After concluding his latest story, Ainsley sits down for my his favorite snack; a glass of sherry and a biscuit, with his producer (R.D. Smith) and a young production assistant (Stephen Brennan) and relays what next week's planned story will be about. The story, called "A Child's Voice," involves Orsino the Magician and the young boy he employs as his stage assistant. Though the boy is helpful and good at what he does, a foreboding premonition causes him to refuse to participate in a disappearing trick involving a "magic cabinet," where whoever the magician makes "disappear" can simply just exit out a hatch in the bottom. During a stage performance, Orsino forces the boy into the cabinet, the door becomes jammed and by the time a blacksmith is able to open it, the poor young assistant has asphyxiated and died. Afterward, Orsino is haunted by a child's voice in the middle of the night asking to be let out of the cabinet and it slowly drives him mad.






After broadcasting his first portion of the story, Ainsley has a creepy feeling someone is watching him on his late night stroll back home. He's later awoken from his sleep later that night by a phone call. On the other end of the line is a little boy, who doesn't seem too happy with the radio host's latest story. "I would prefer you to go no further with it," says the child, "It troubles me a great deal." Ainsley suspects the voice on the other line isn't actually a little boy, but an adult impersonating one playing a prank. His second segment of the story in the studio is beset with problems as Ainsley cannot get out a single line without stuttering, shaking and being overwhelmed by the feeling that he's being smothered. However, one of his co-workers insists it all came out as smooth as silk and no one has phoned in to complain. In an attempt to prevent was had happened the night before, Ainsley takes his telephone off the hook before bed... but a child can still loudly be heard singing through the receiver, forcing the frightened radio host to hang up and then answer the next incoming call...

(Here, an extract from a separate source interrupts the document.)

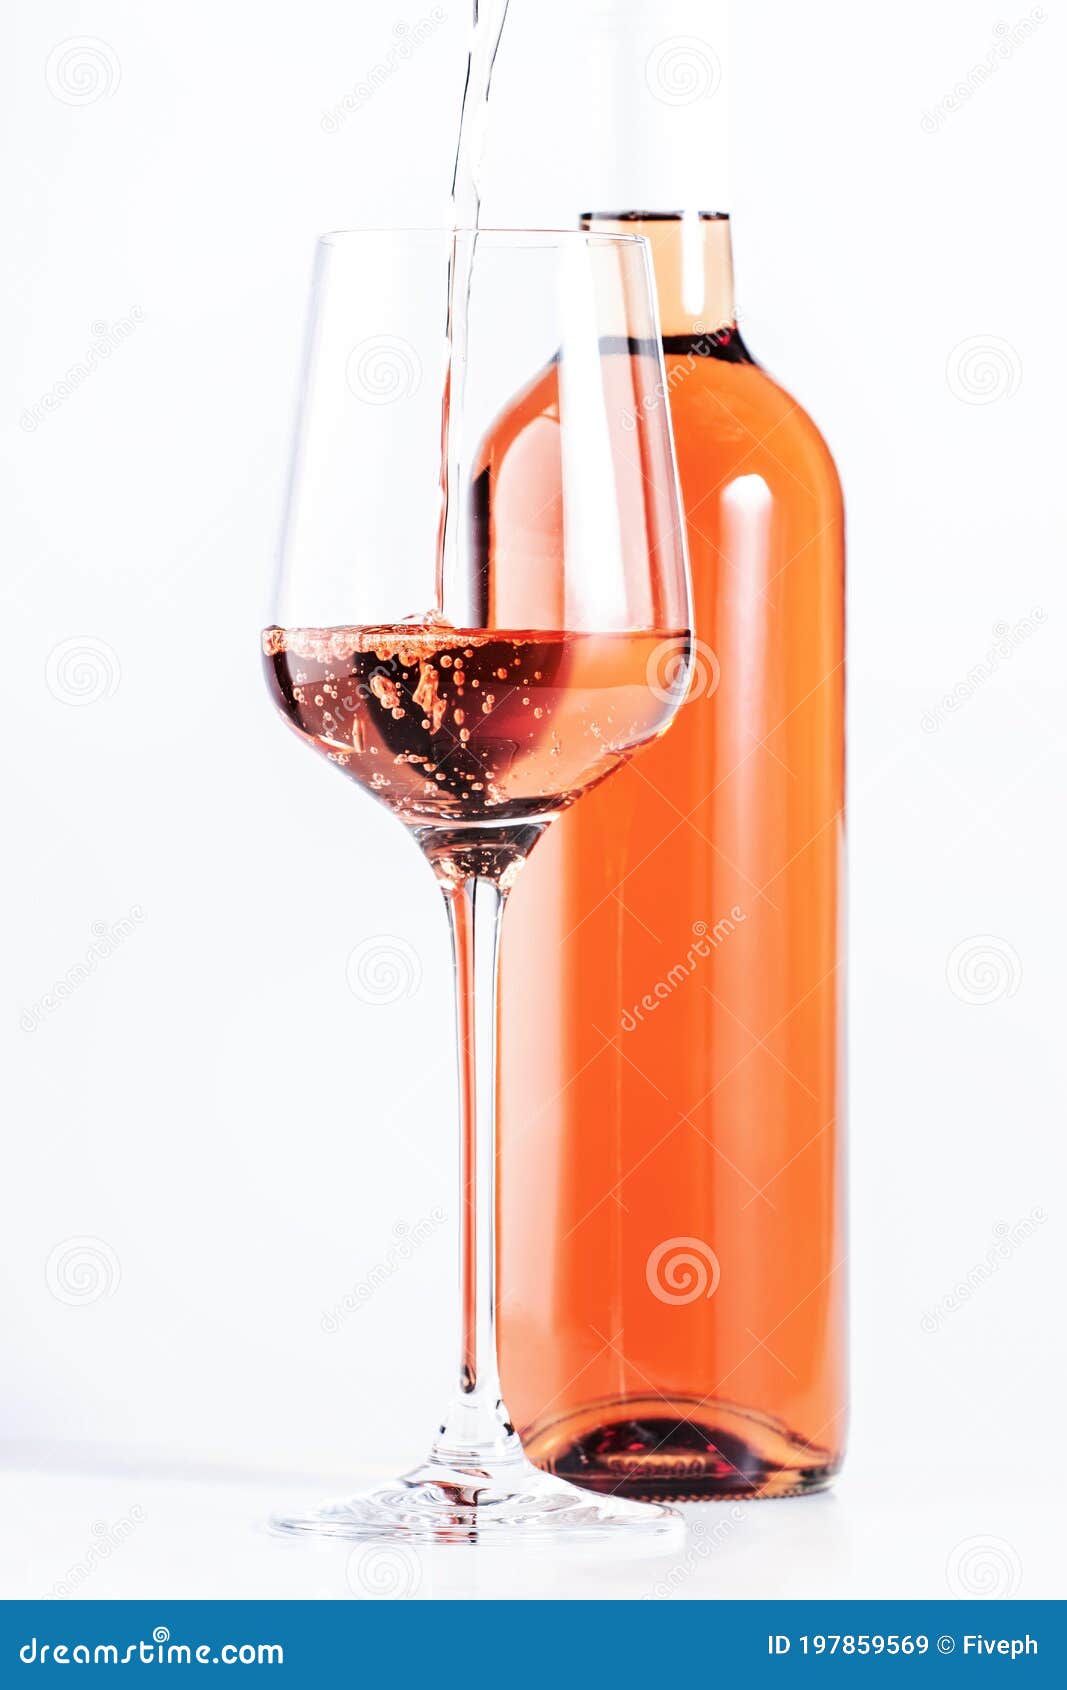 rose wine pouring out of the bottle, white background. rosado, rosato or blush wine tasting in wineshop, bar concept. copy space

This deceptively simple set-up opens up many different possibilities. The child's voice haunting our protagonist may be a disgruntled viewer, or a ghost who tuned into his broadcast, or perhaps the vengeful character Ainsley himself created somehow miraculously materializing in the real world. Or it may even be that living a loner's existence outside of work and telling ghost stories for a living are finally taking their toll on Ainsley's mental state. By the end we, just like those back in the day listening to radio dramas, have to use our own imaginations to fill in the blanks. There's plenty of interesting subtext going on here under the surface, especially how the two earliest methods used for impersonal communication simultaneously manage to enlighten and isolate us. At work, Ainsley is the voice, the storyteller and in control of what goes out, what is heard by others and ultimately even how his words affect others. Out in the real world, things aren't quite as controlled as they are in his tidy recording booth as Ainsley's telephone is the response he can't ignore from anyone with an opinion about what he's putting out into the world. The many close-up shots of telephones and microphones throughout are hardly coincidental.






Produced in Ireland and shot on 16mm for peanuts, this is a very-well-done short and very much in tune with those great BBC "Ghost Stories for Christmas" and other similar TV specials from the 70s. I've really grown to love these things over the years and especially love what they stand for: no glossy, needless distractions or self-indulgent pretensions, just solid performances from a small cast, good multi-layered storytelling and simple but effectively-elicited chills with a little food for thought thrown in there as well. To date, this is the only script credit from renowned film critic, biographer and writer David Thomson. It not only played on BBC TV, but also was selected for screening at both the London Film Festival and the Chicago International Film Festival; taking home top prize at the latter in their short fiction category, There's no official VHS or DVD release for this one that I know of, but it's well worth watching if you can find it.